- _Material shown_:
..............................
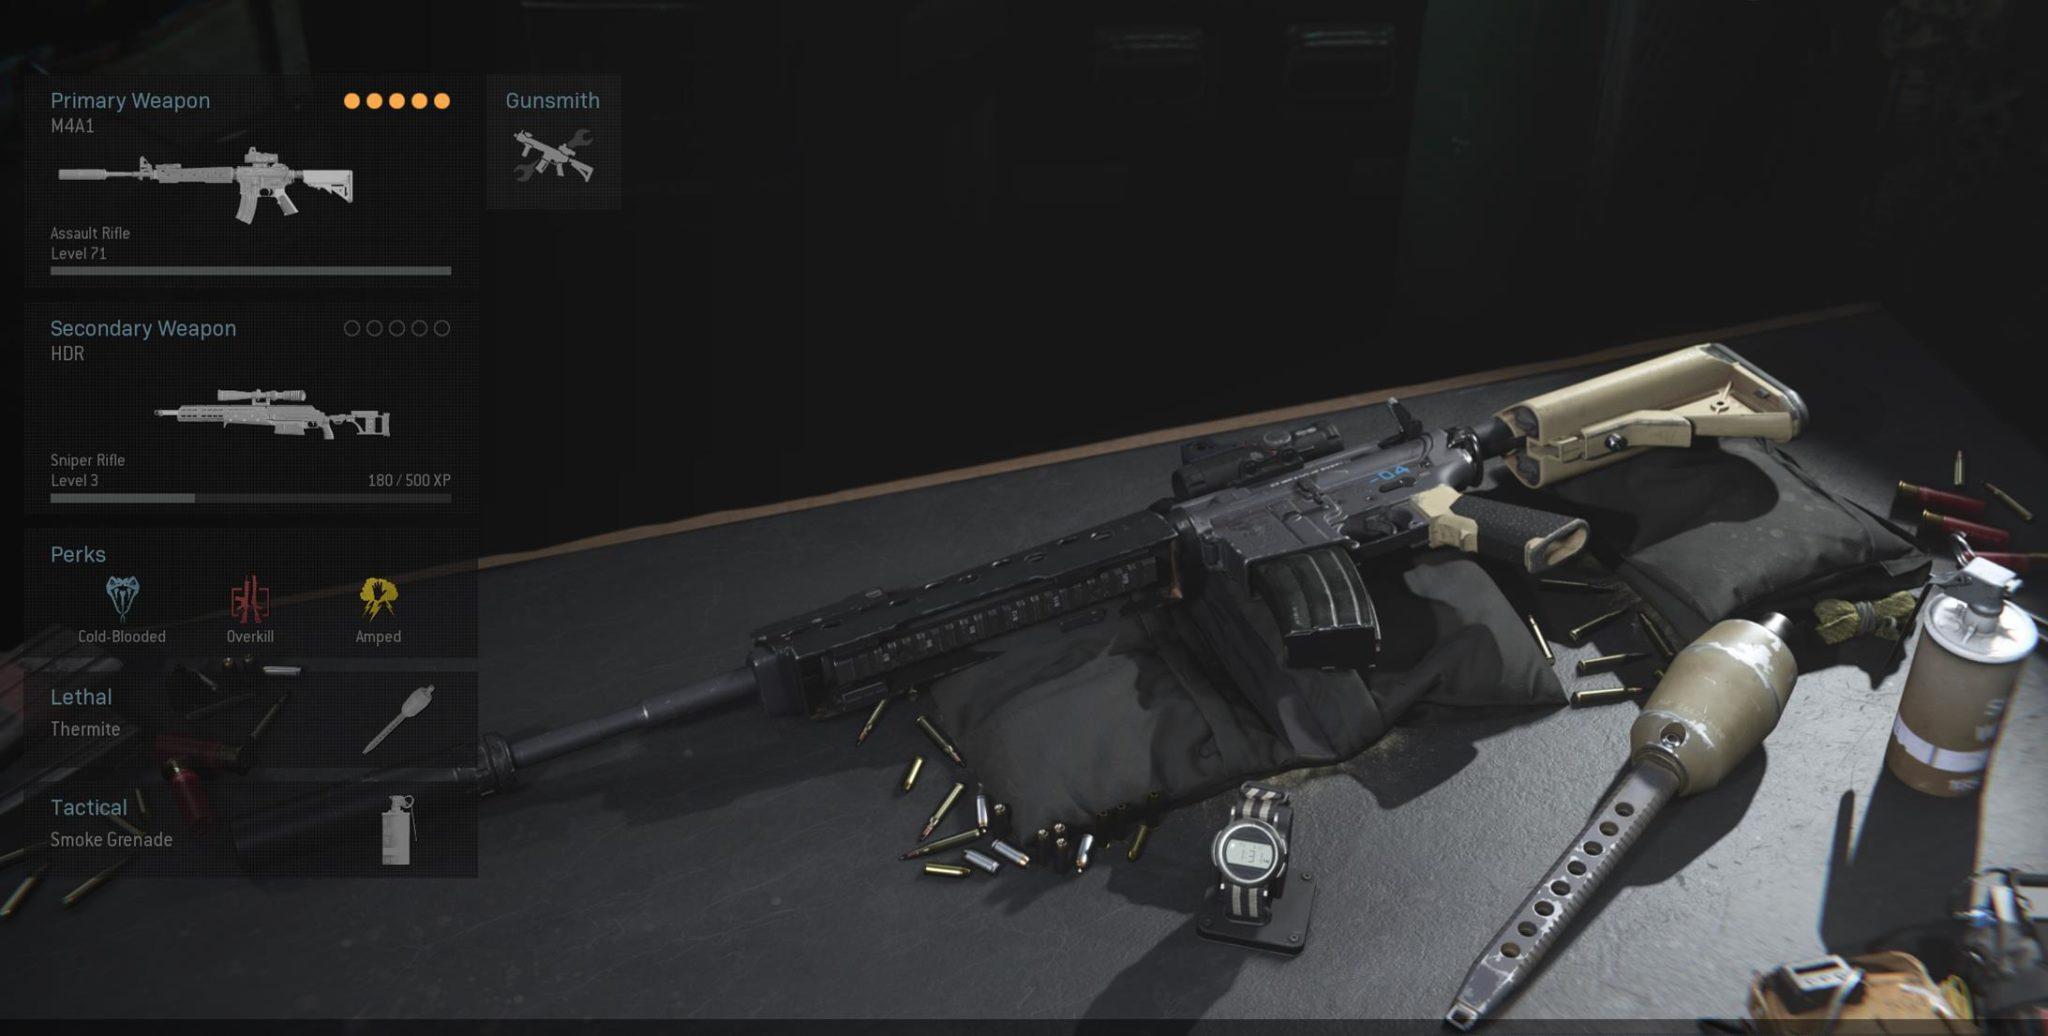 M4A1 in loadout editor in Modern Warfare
..............................
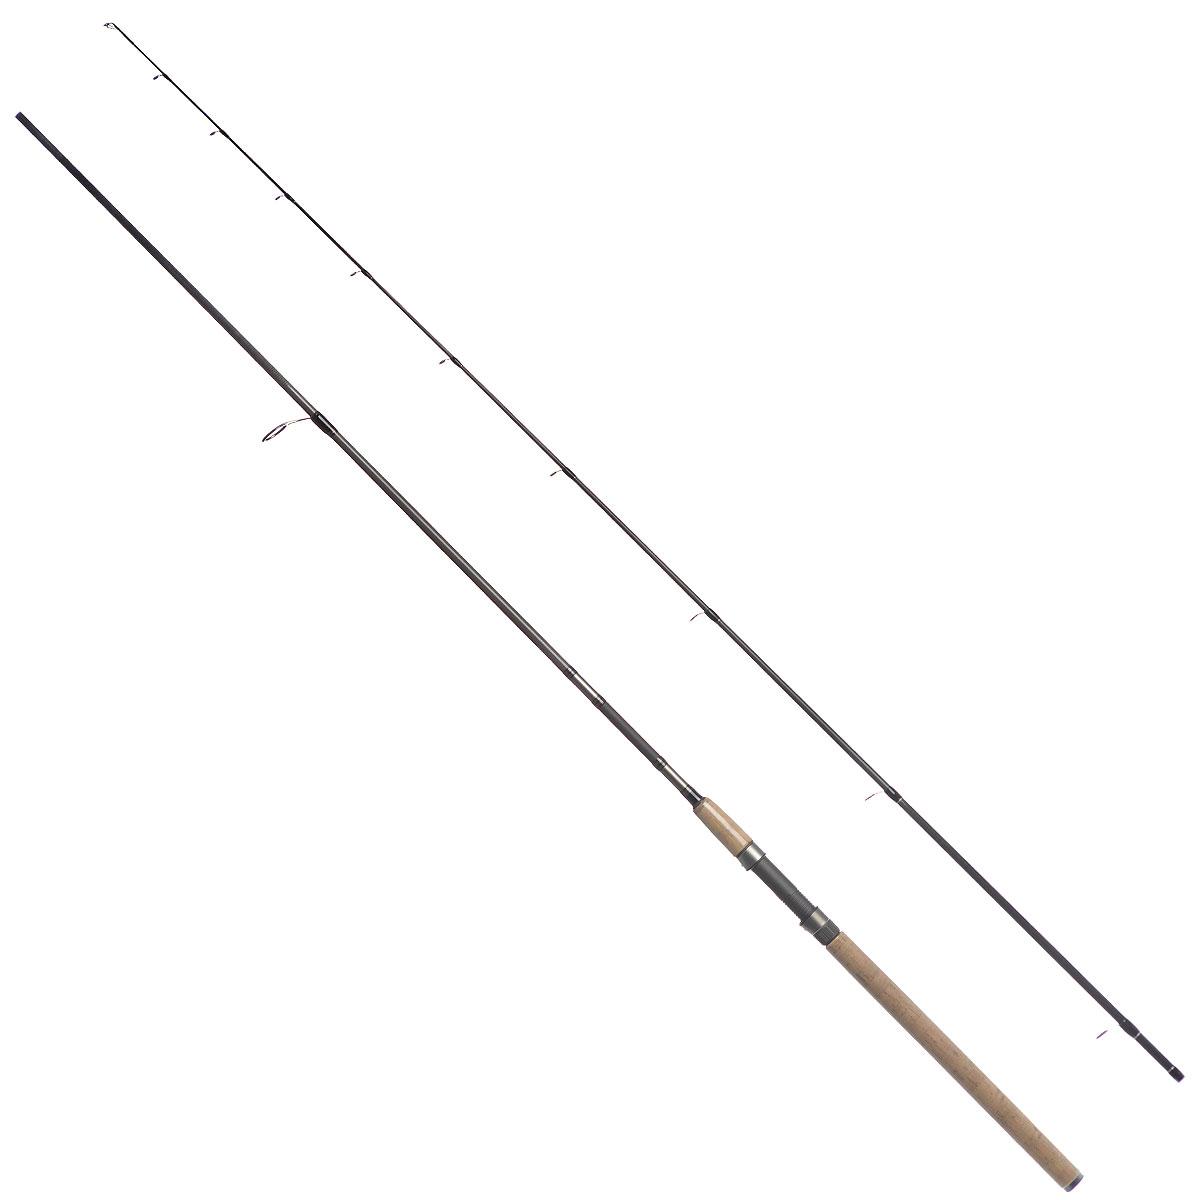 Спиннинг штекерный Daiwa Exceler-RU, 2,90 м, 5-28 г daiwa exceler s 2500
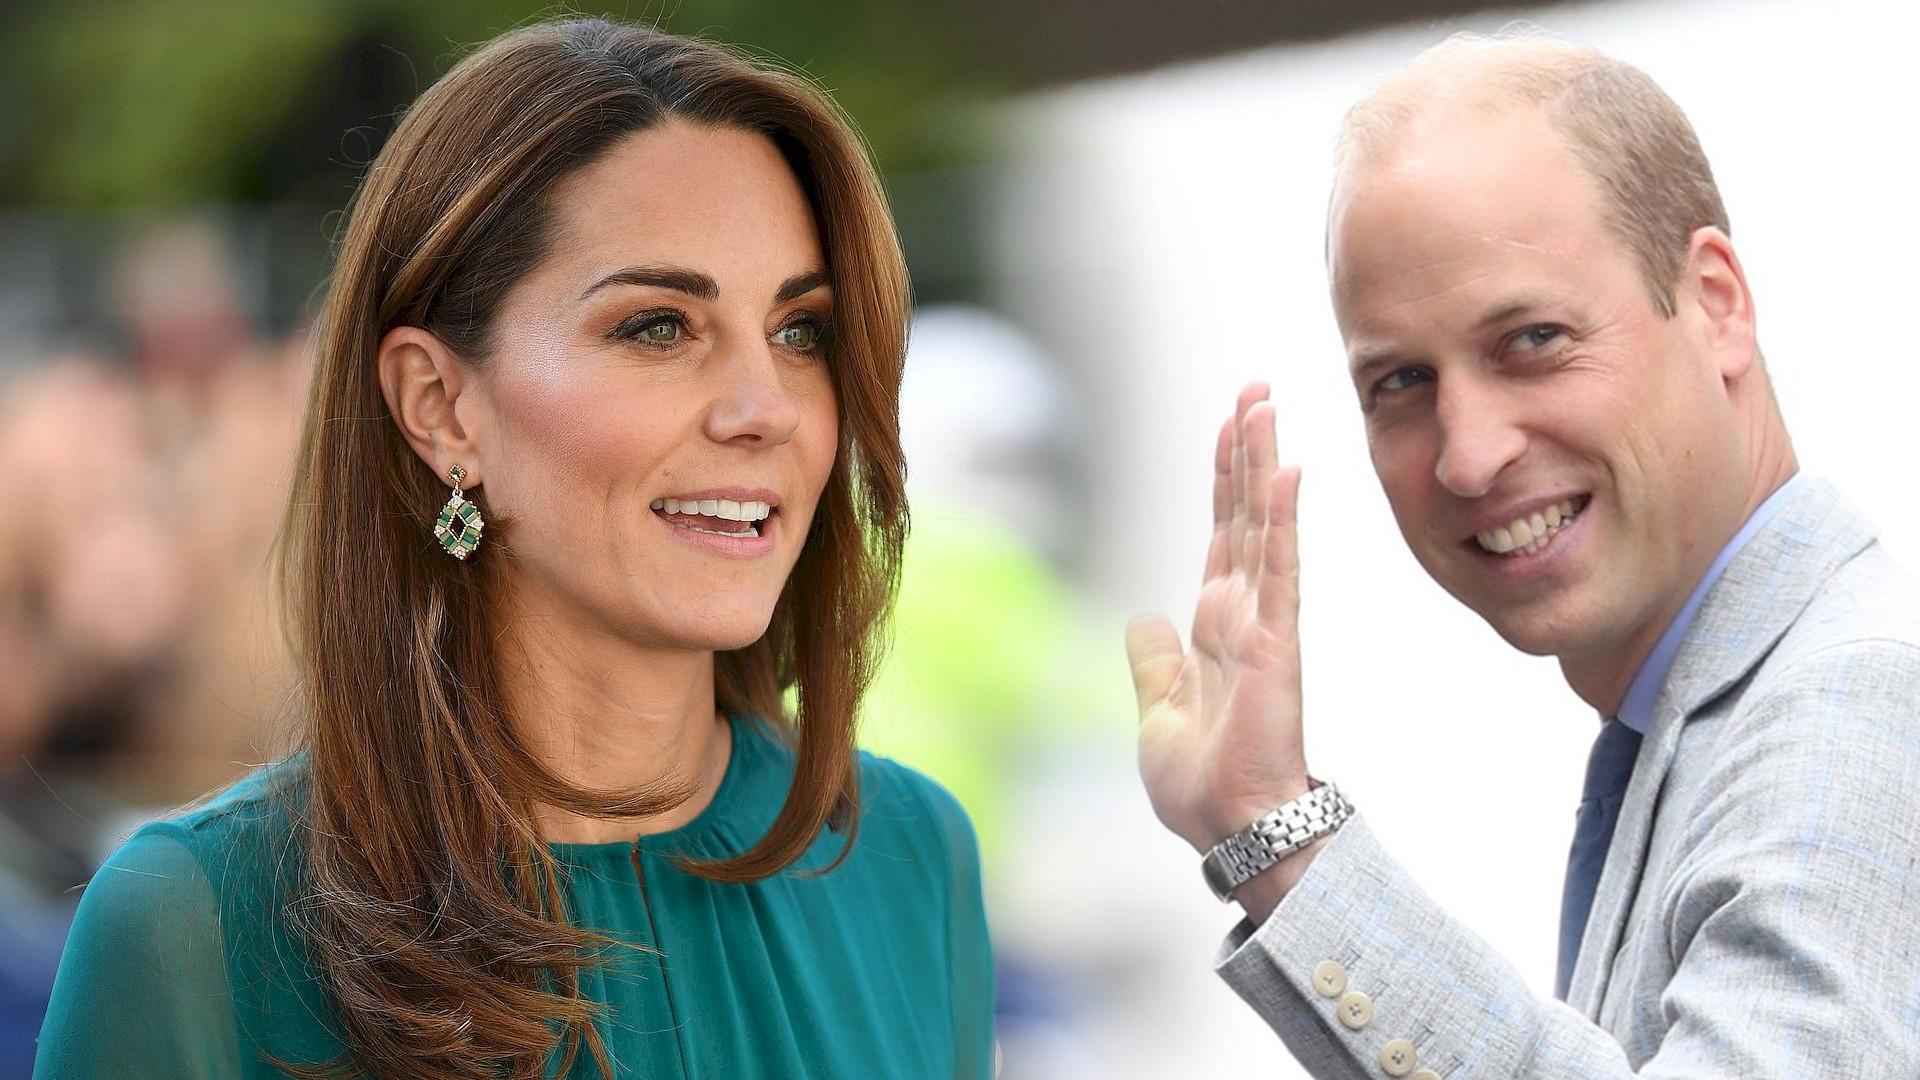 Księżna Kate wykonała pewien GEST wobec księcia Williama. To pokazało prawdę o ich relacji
..............................
- _Work instructions_: The answer should consist only of the lines above from the one with "Спиннинг штекерный Daiwa" through the one with "Księżna Kate wykonała", repeated exactly, with no pictures among them.

- _Output of the task_:
 Спиннинг штекерный Daiwa Exceler-RU, 2,90 м, 5-28 г daiwa exceler s 2500
 Księżna Kate wykonała pewien GEST wobec księcia Williama. To pokazało prawdę o ich relacji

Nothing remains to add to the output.